Papers Explained 267: Jina Reranker

5 min readDec 6, 2024

Jina Reranker is a neural reranking model designed to tackle this critical issue of relevancy. It enhances search and RAG system by reordering retrieved documents in a manner that deeply and contextually understands the search query terms.

Why do we need a reranker

The comparison of the representation-based cosine similarity (left) and the reranker (right).

Cosine similarity quantifies the similarity between two documents by measuring the cosine of the angle between their embedding vectors. This metric is valued for its simplicity and has been used in many vector databases as the default way of retrieval. However, this approach tends to oversimplify interaction between query and documents. Specifically, it struggles with capturing the nuanced interaction at the sub-document level and sub-query level, often missing the full depth of user intent and the fine details of document relevance.

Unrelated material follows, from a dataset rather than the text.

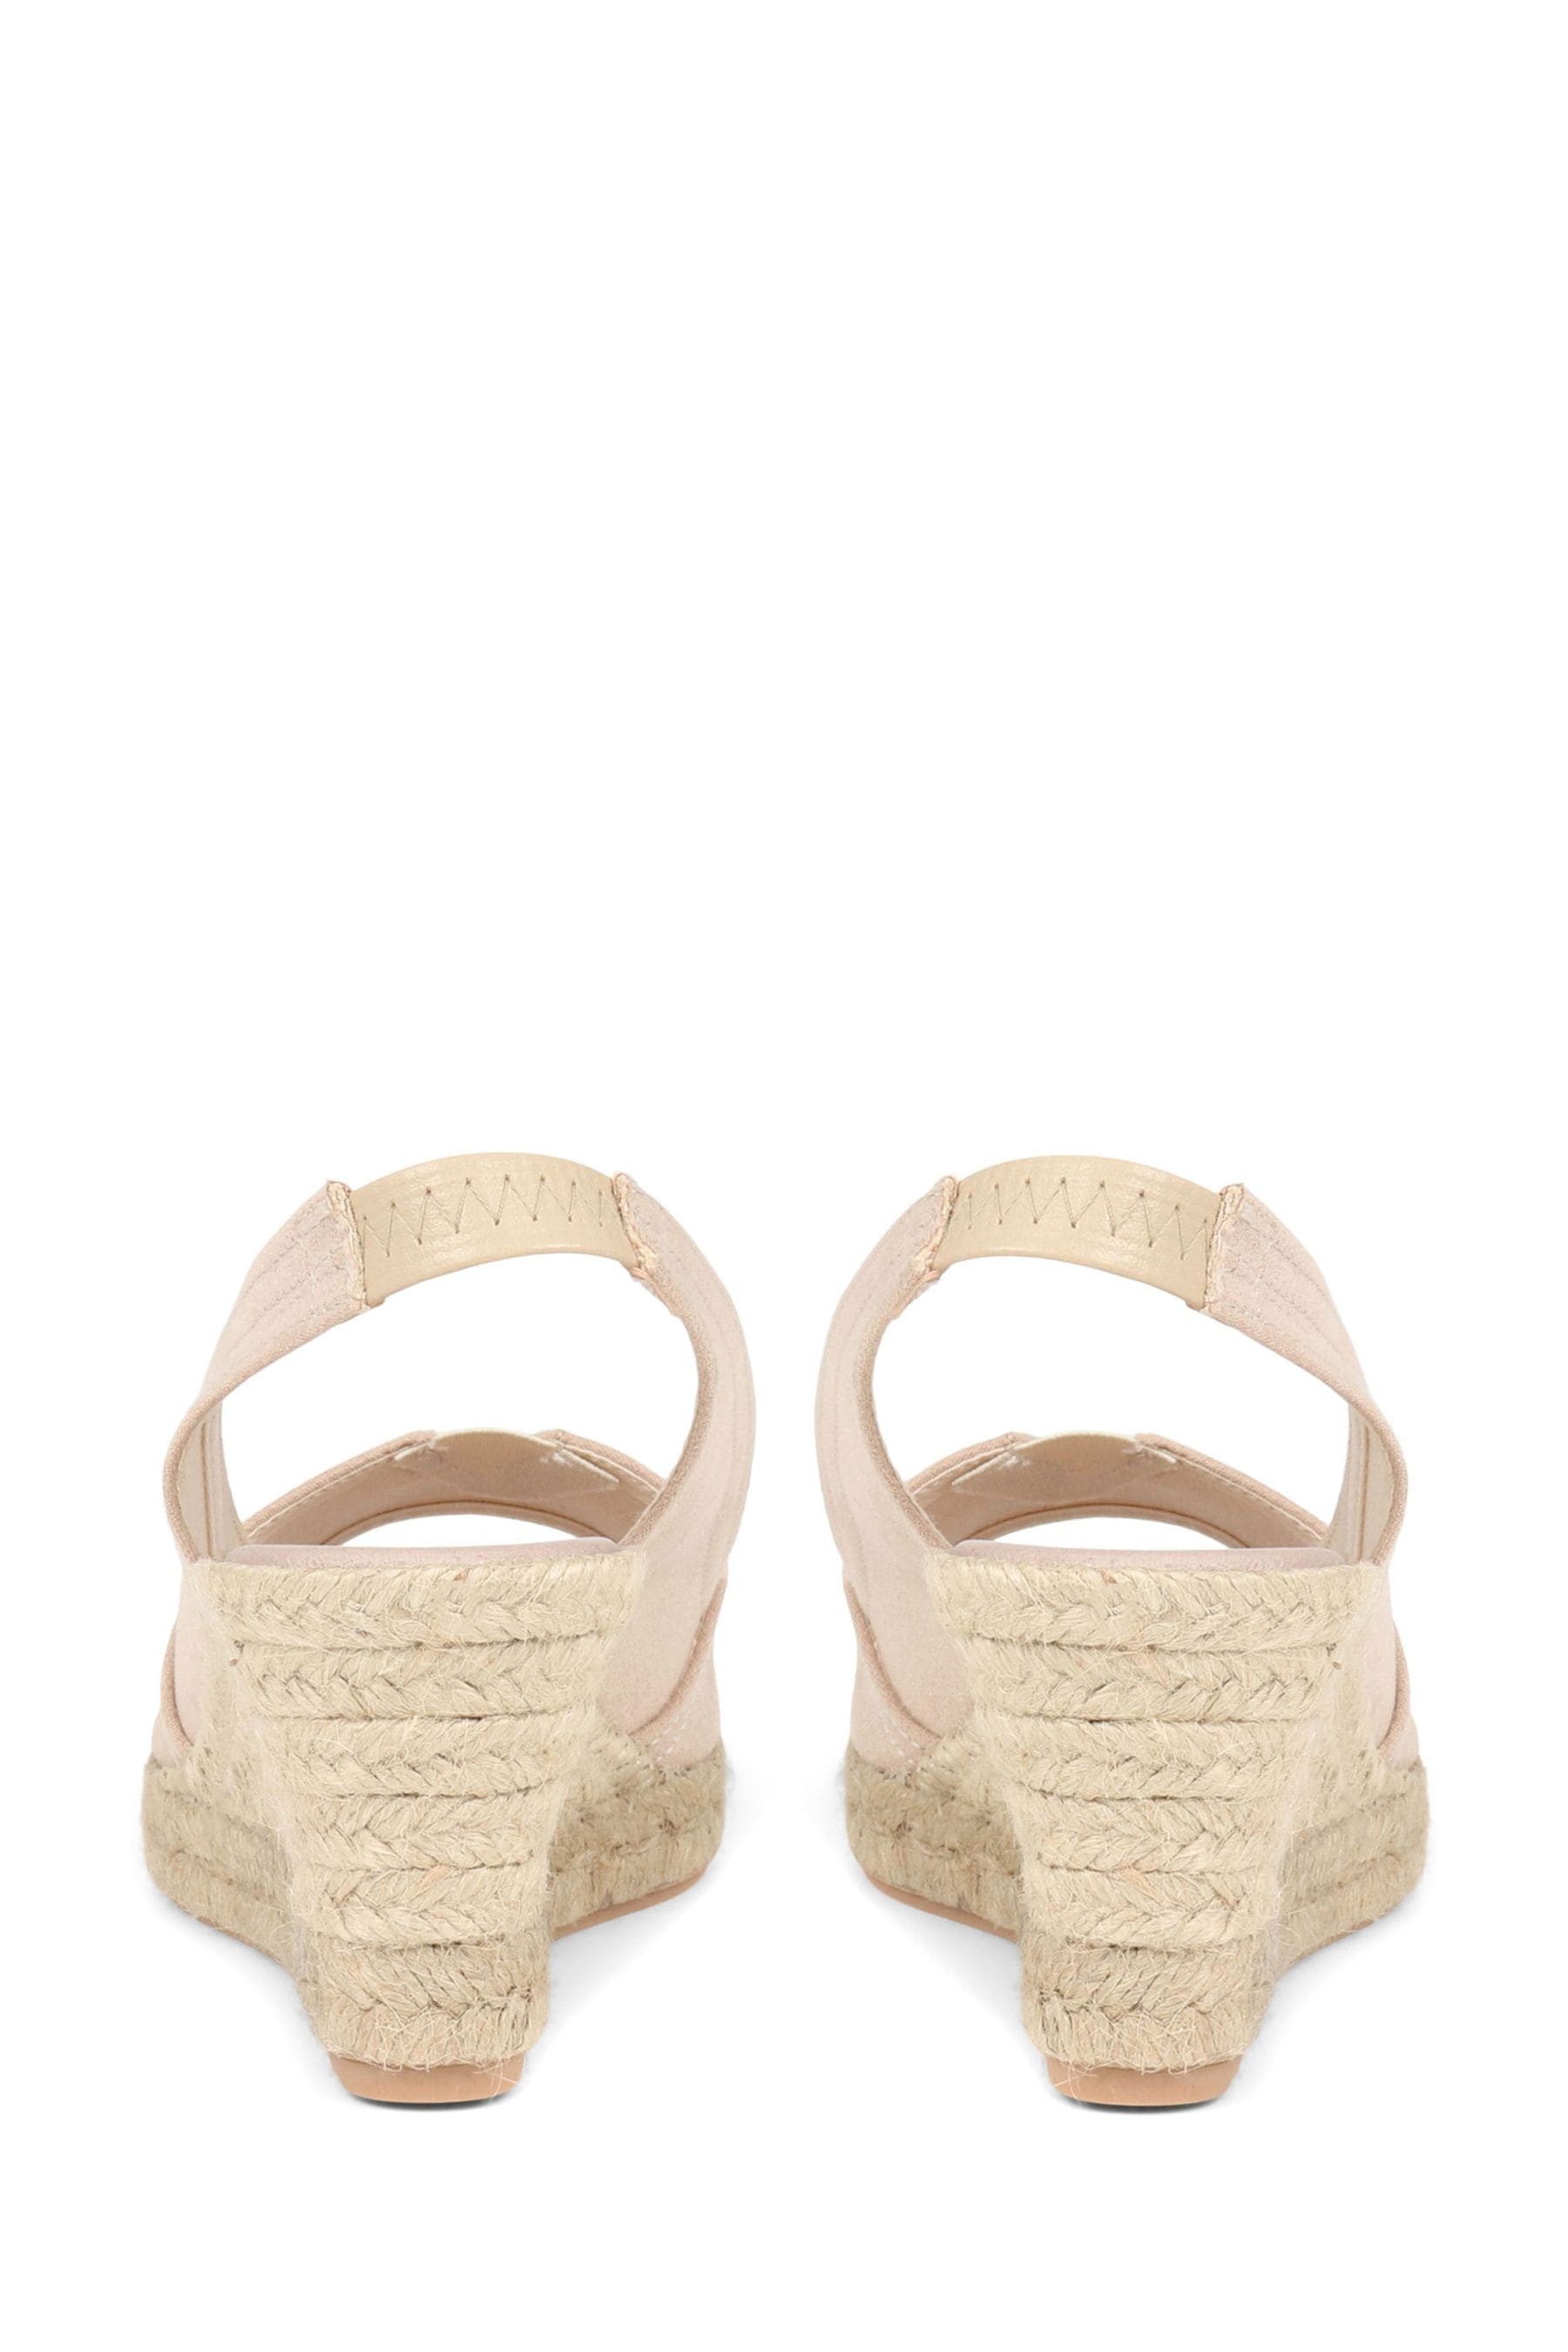 Buy Pavers Peep Toe Wedge Nude Sandals from the Next UK online shop

A practical search system often chains the embedding-based search and the reranker together to achieve the best search quality.

This is where rerankers come into play. Utilizing deep neural networks, rerankers go deeper into the interactions between the query and the shortlisted documents. They move beyond basic document-level embeddings to embrace token-level interactions that occur within the query, within the document, and across the query-document boundary. Although this method is more computationally intensive compared to simple cosine similarity, it enables a nuanced comparison that incorporates context, semantic meaning, and the intent behind the query, substantially improving the relevancy of search results.

Evaluation

LlamaIndex RAG

On average, the introduction of Jina Reranker elevates the Hit Rate from 0.7908 to 0.8553 (+7.9%), and the MRR from 0.5307 to 0.7091 (+33.7%).

BEIR

MTEB

LoCo

Jina Reranker v2

Jina Reranker v2 represents an important expansion of capabilities for search foundation:

State-of-the-art retrieval using cross-encoding opens up a wide array of new application areas.
Enhanced multilingual and cross-language functionality removes language barriers from your use cases.
Best-in-class support for function calling, together with awareness of structured data querying, takes your agentic RAG capabilities to the next level of precision.
Better retrieval of computer code and computer-formatted data can go far beyond just doing text information retrieval.
Much faster document throughput.

The training of Jina Reranker v2 is conducted in four stages.

Initially, a backbone model is prepared by training it with only English-language data, including pairs (contrastive training) or triplets (query, correct response, wrong response), query-function schema pairs and query-table schema pairs.
Next, cross-lingual pairs and triplets datasets are added to improve the backbone model’s multilingual abilities on retrieval tasks specifically.
In the third stage, the model checkpoint from the second stage is fine-tuned with all pairs and triplet datasets from over 100 low- and high-resource languages.
Finally, after observing the reranking performance from the third stage, the model is further fine-tuned by adding more triplet data with specifically more examples of hard-negatives for existing queries — responses that look superficially relevant to the query but are in fact wrong.

Evaluation

MKQA: Multilingual Knowledge Questions and Answers

Recall@10 scores reported for different reranking models for MKQA dataset.

BEIR: Heterogeneous Benchmark on Diverse IR Tasks

NDCG@10 scores reported for different reranking models for Beir dataset.

The newly-introduced multilingual capabilities don’t compromise its English-language retrieval capabilities.

Jina Reranker v2 on Structured Data Querying

Jina Reranker v2 understands the downstream intent to query a source of structured databases, such as MySQL or MongoDB, and assigns the correct relevance score to a structured table schema, given an input query.

Recall@3 scores reported for different reranking models for NSText2SQL dataset

Jina Reranker v2 on Function Calling

Function calling is also integrated into Jina Reranker v2, letting it understand the intent for external functions and assigning relevance scores to function specifications accordingly.

The ToolBench benchmark collects over 16 thousand public APIs and corresponding synthetically-generated instructions for using them in single and multi-API settings.

Recall@3 scores reported for different reranking models for ToolBench dataset.

Jina Reranker v2 on Code Retrieval

Jina Reranker v2 improves code retrieval compared to competing models of similar size.

The CodeSearchNet benchmark is a combination of queries in docstring and natural language formats, with labelled code-segments relevant to the queries.